The number of upgrades required for convergence usually increases with the size of the training set. However, when m approaches infinity, the model finally approaches its best possible test error before the SGD has sampled each example in the training set.

– page 153, Deep learning, 2016.

The premature fit of neural networks motivates the use of methods such as learning curves to monitor and diagnose problems through model convergence to educational material and validation, such as early termination, which stops the optimization algorithm before finding a stable point, occurs at the expense of poorer performance of the Holdout dataset.
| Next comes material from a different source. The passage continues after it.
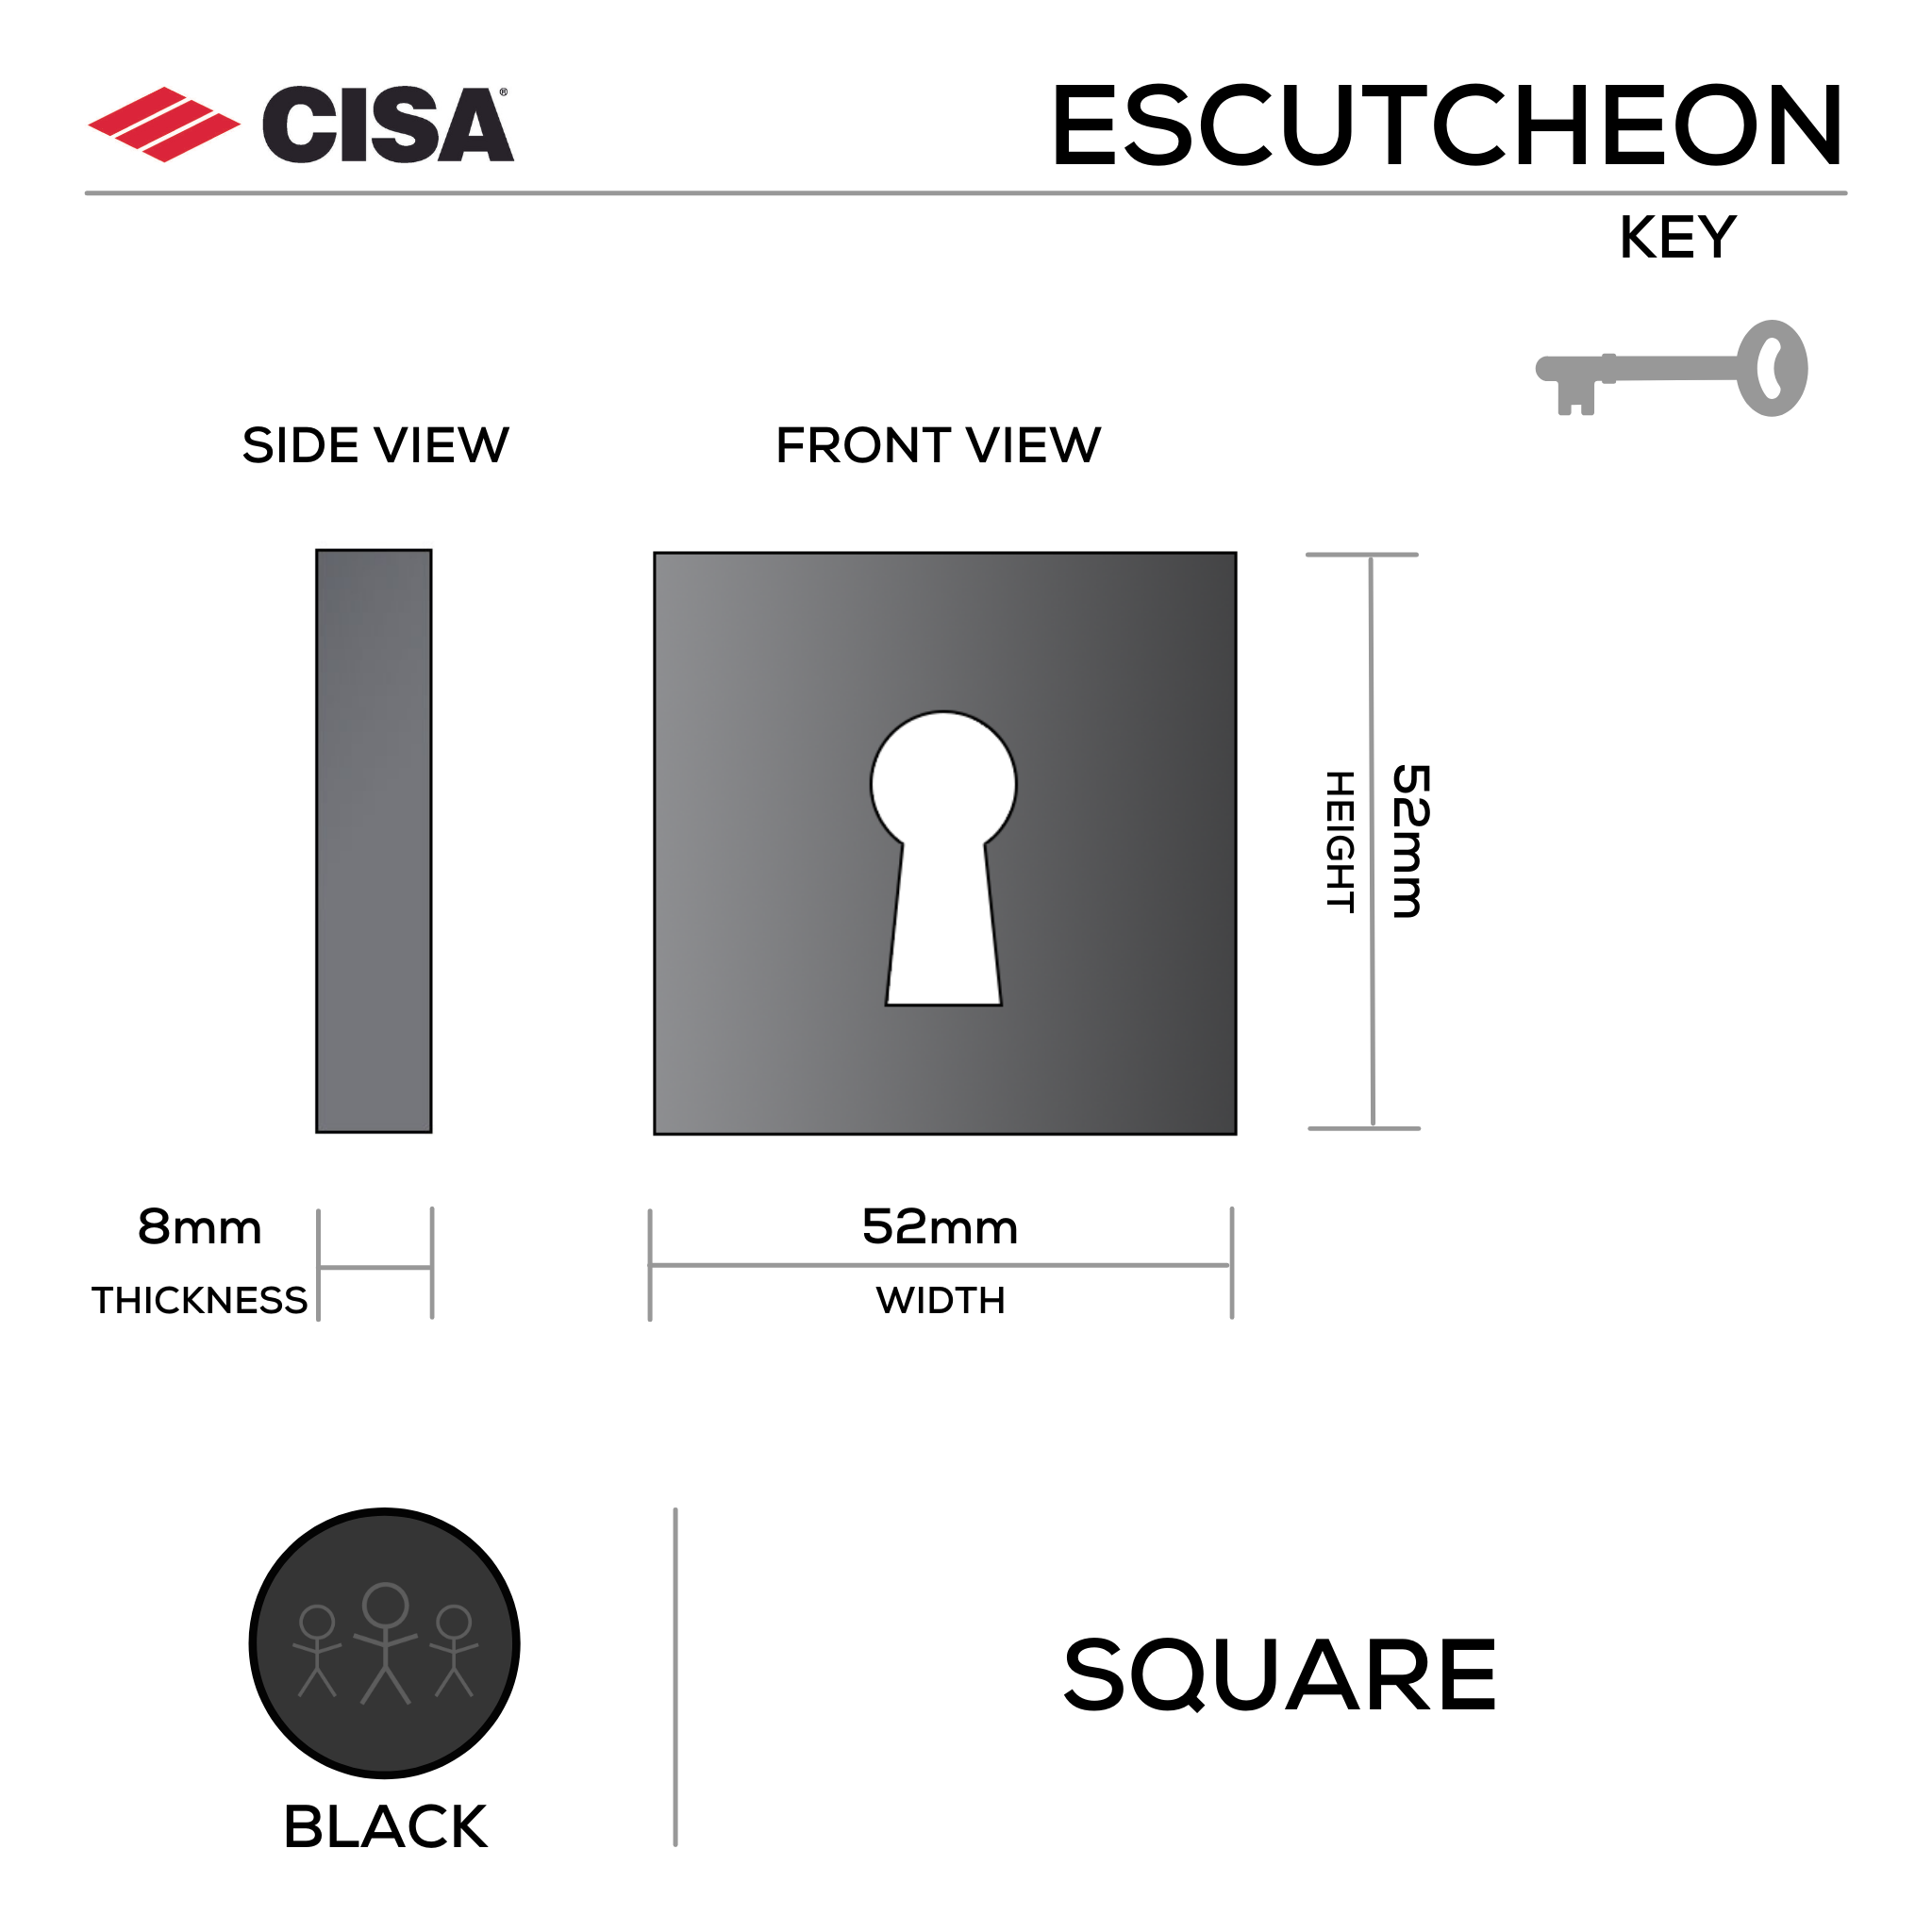 FE.S.K.MBL, Keyhole Escutcheon, Square Rose, 52mm (h) x 52mm (w) x 8mm (t), Black, CISA

As such, much research into neural networks that are deeply learning has ultimately been directed at overcoming premature convergence.

Empirically, it is often observed that ‘tanh’ activation functions lead to a faster convergence of training algorithms than logistical functions.

– page 127, Neural networks for pattern recognition, 1995.

This includes techniques such as work weight initialization, which is critical because the initial weights of the neural network determine the starting point for the optimization process, and poor initialization can lead to premature convergence.

The starting point can determine if the algorithm agrees at all, with some starting points so unstable that the algorithm encounters numerical difficulties and fails completely.

– page 301, Deep learning, 2016.

This also includes a large number of variations and extensions of the stochastic gradient descent optimization algorithm, such as adding an impulse so that the algorithm does not exceed the optimum (stable point), and Adam, which automatically adds a custom step size hyperparameter (Learning speed) for each parameter to be optimized, which dramatically accelerates convergence.

Further reading

This section provides more resources on the topic if you want to go deeper.





In this tutorial, you will find a gentle introduction to the premature convergence of machine learning.

In particular, you will learn:

  • Convergence refers to a stable point found at the end of a solution set using an iterative optimization algorithm.
  • Premature convergence suggests a stable point that was found too soon, perhaps close to the starting point of the search and worse than expected.
  • The greed of the optimization algorithm gives control to the convergence rate of the algorithm.